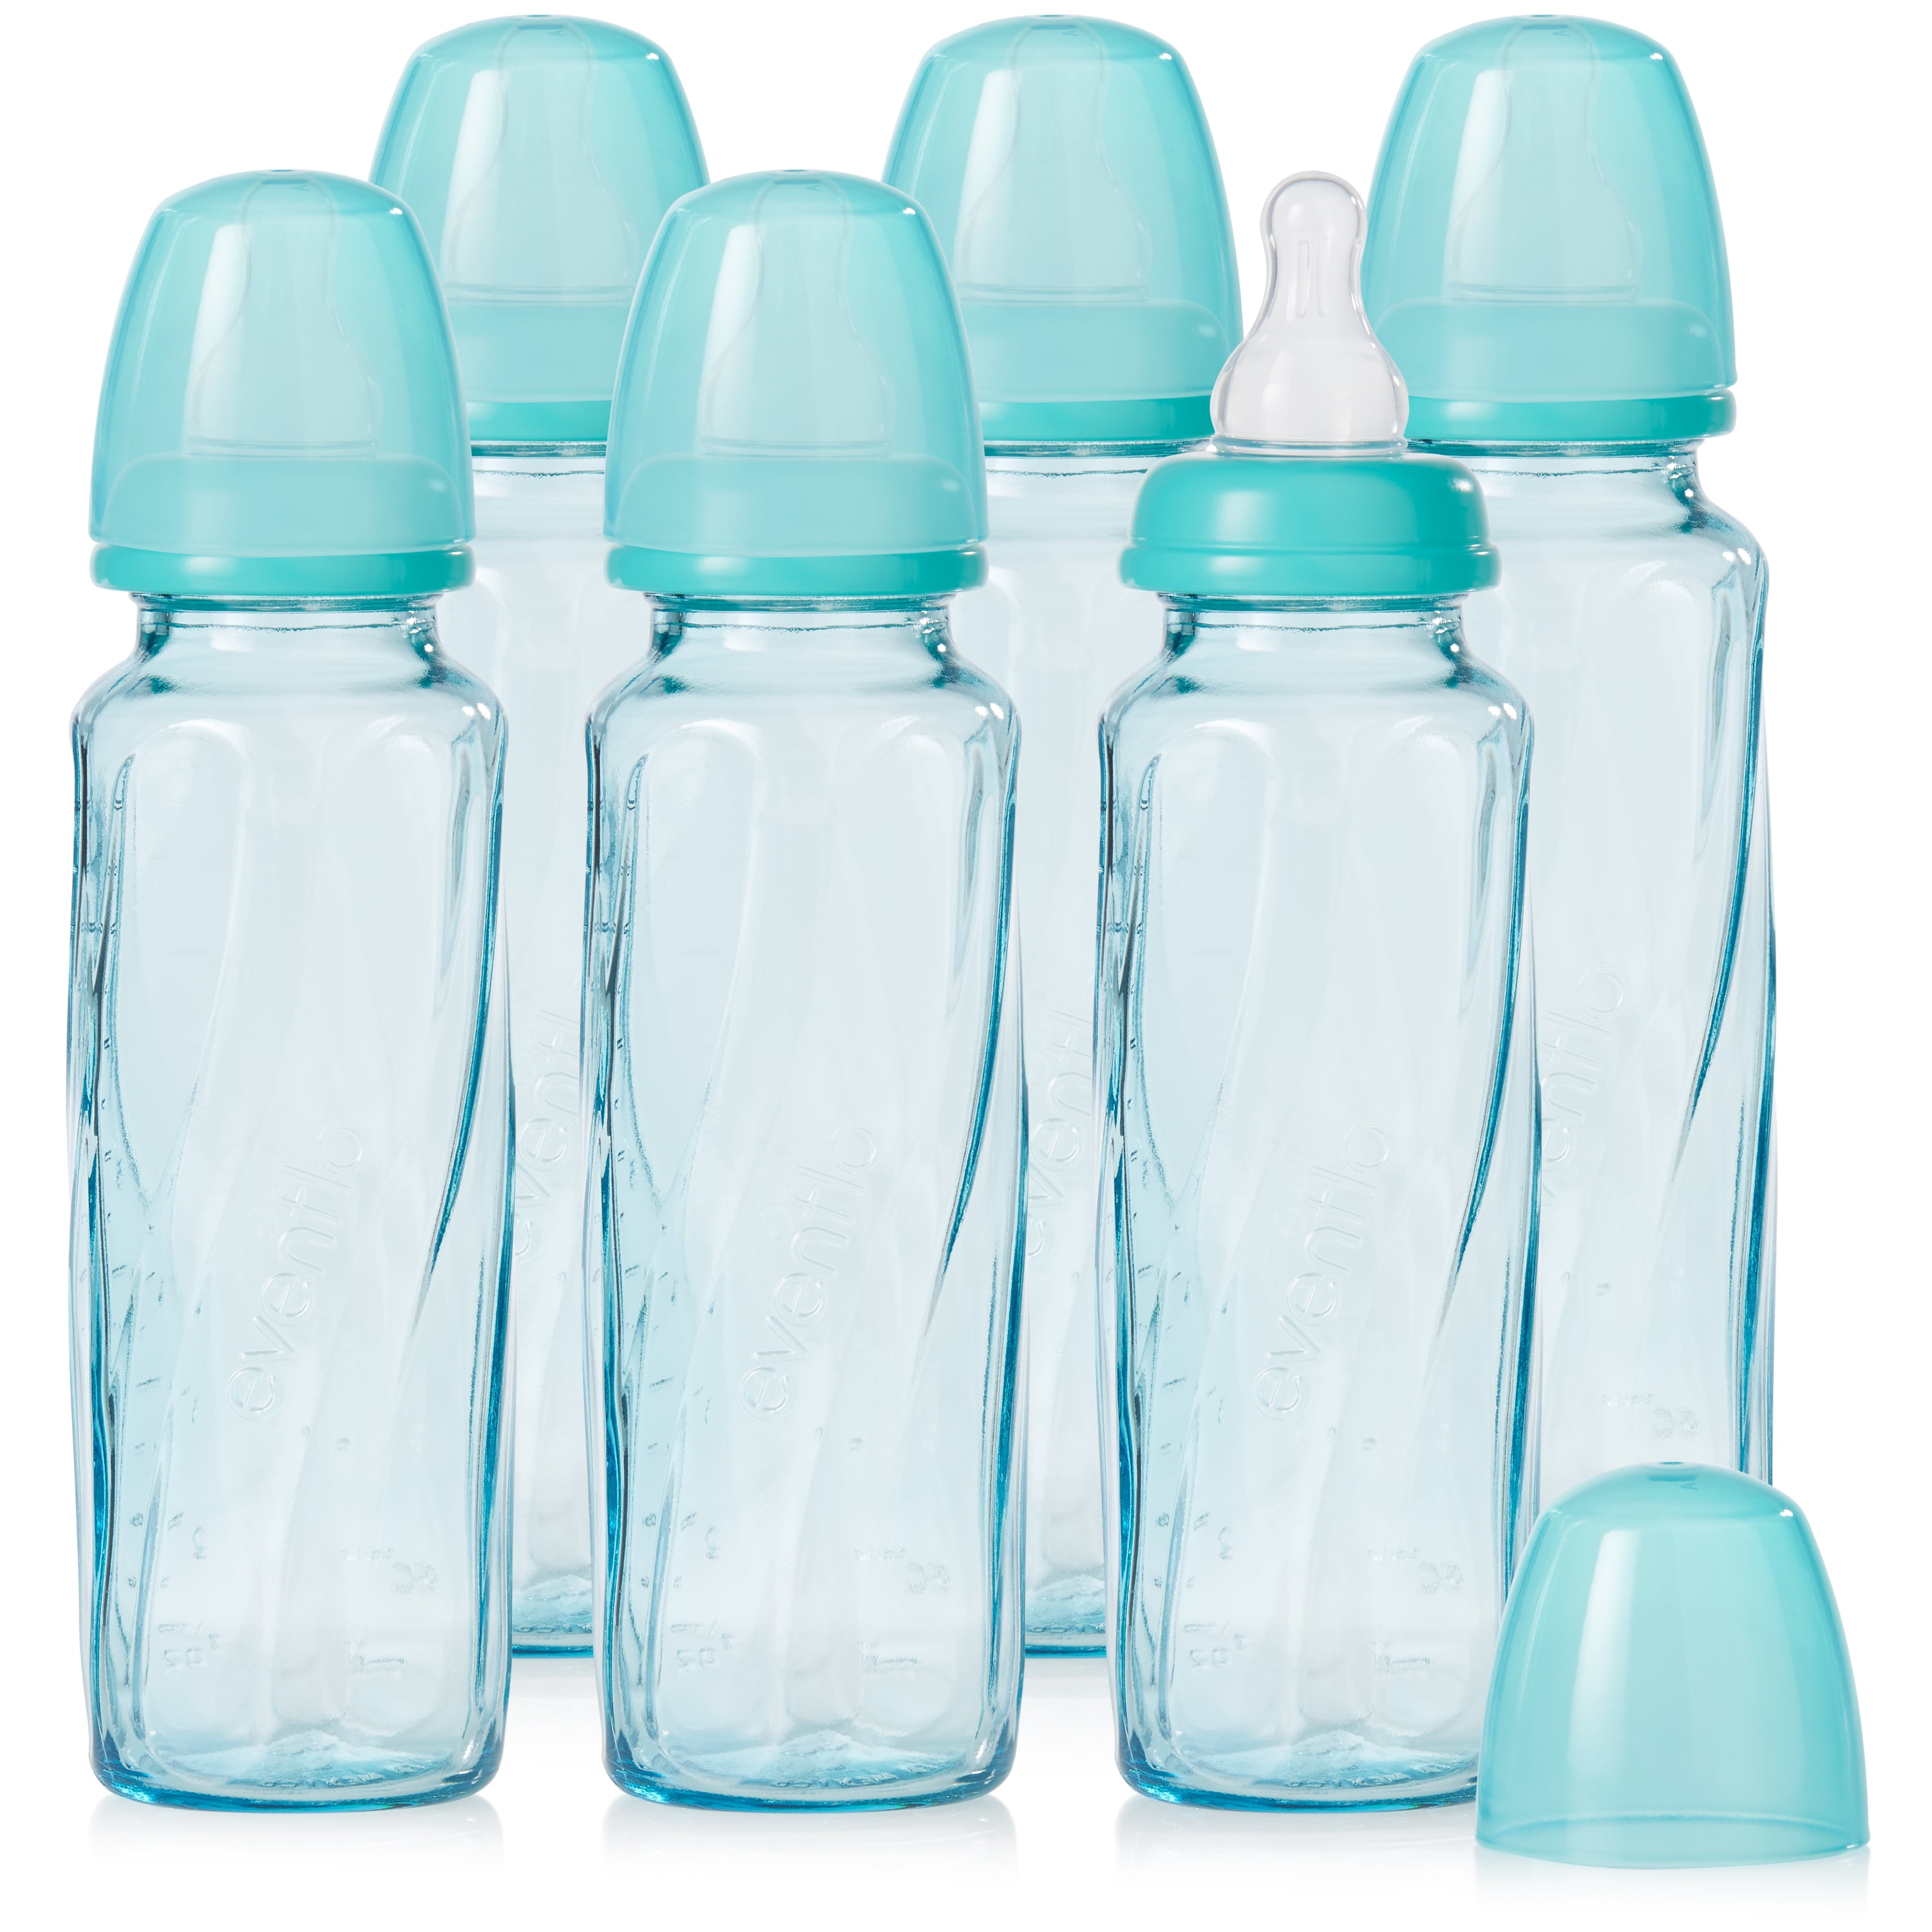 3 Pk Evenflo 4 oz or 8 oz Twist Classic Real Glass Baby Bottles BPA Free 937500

...

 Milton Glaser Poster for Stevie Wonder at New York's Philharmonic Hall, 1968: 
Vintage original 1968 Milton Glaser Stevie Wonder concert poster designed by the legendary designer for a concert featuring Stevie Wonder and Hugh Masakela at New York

Exercise brief:
Send back exactly the lines of the listing above starting at the one with "Milton Glaser Poster" and ending at the one with "Vintage original 1968", inclusive, and no others.

Answer section:
 Milton Glaser Poster for Stevie Wonder at New York's Philharmonic Hall, 1968: 
Vintage original 1968 Milton Glaser Stevie Wonder concert poster designed by the legendary designer for a concert featuring Stevie Wonder and Hugh Masakela at New York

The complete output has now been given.